PROVIDED DATA:
*****

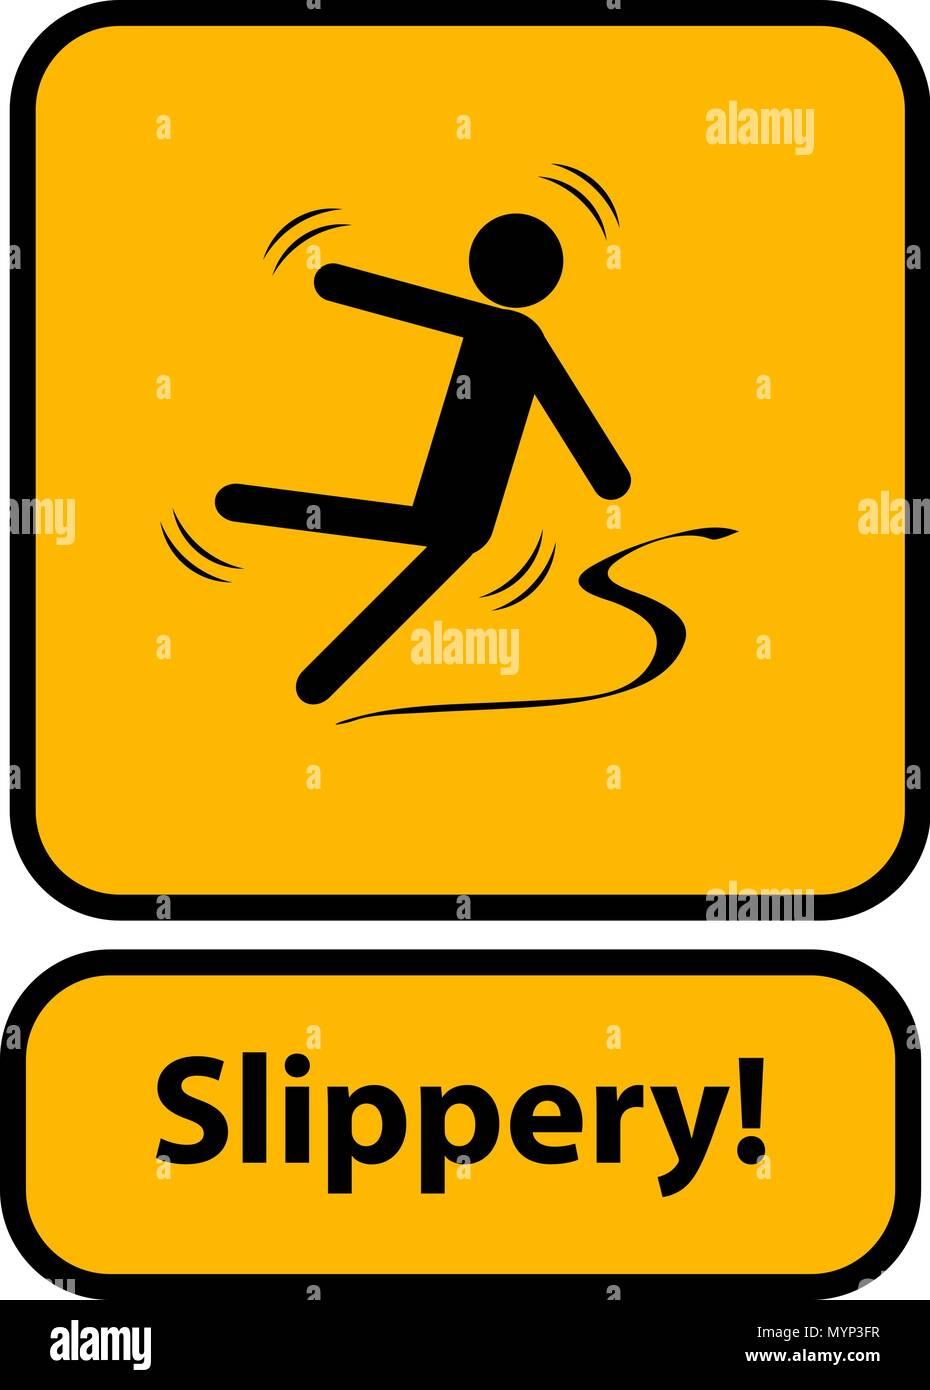 Slippery warning yellow sign - Stock Image
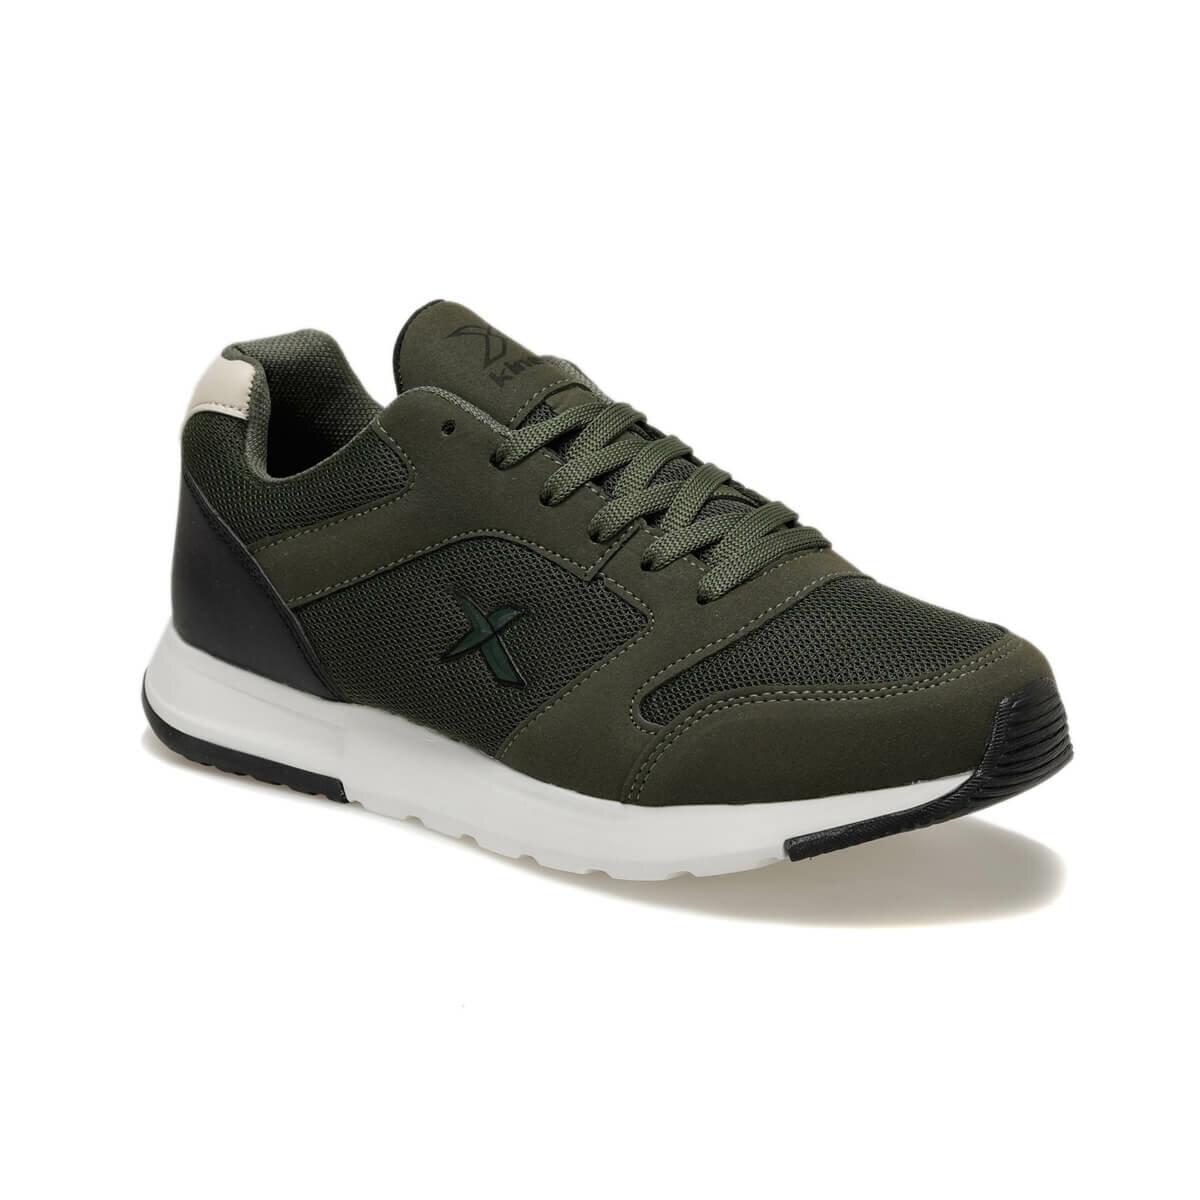 FLO FLAT M Khaki Men 'S Sneaker Shoes KINETIX
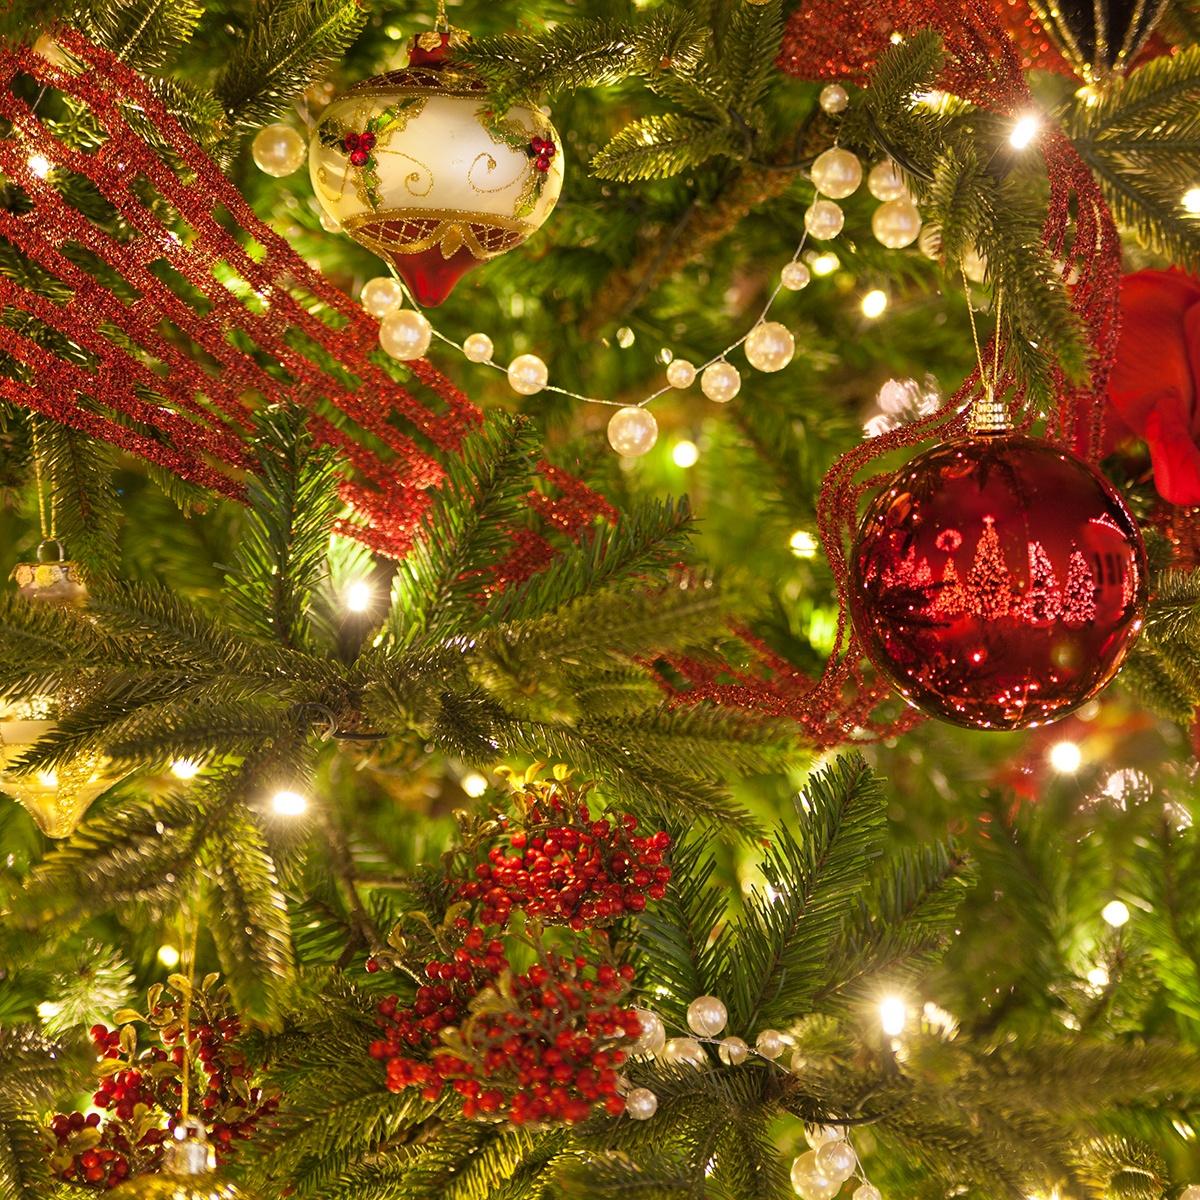 Prelit Christmas Trees Guide

*****

WHAT THE TASK REQUIRES:
Would you give the data above again word for word, skipping any images?

SOLVED PROBLEM:
 Slippery warning yellow sign - Stock Image
 FLO FLAT M Khaki Men 'S Sneaker Shoes KINETIX
 Prelit Christmas Trees Guide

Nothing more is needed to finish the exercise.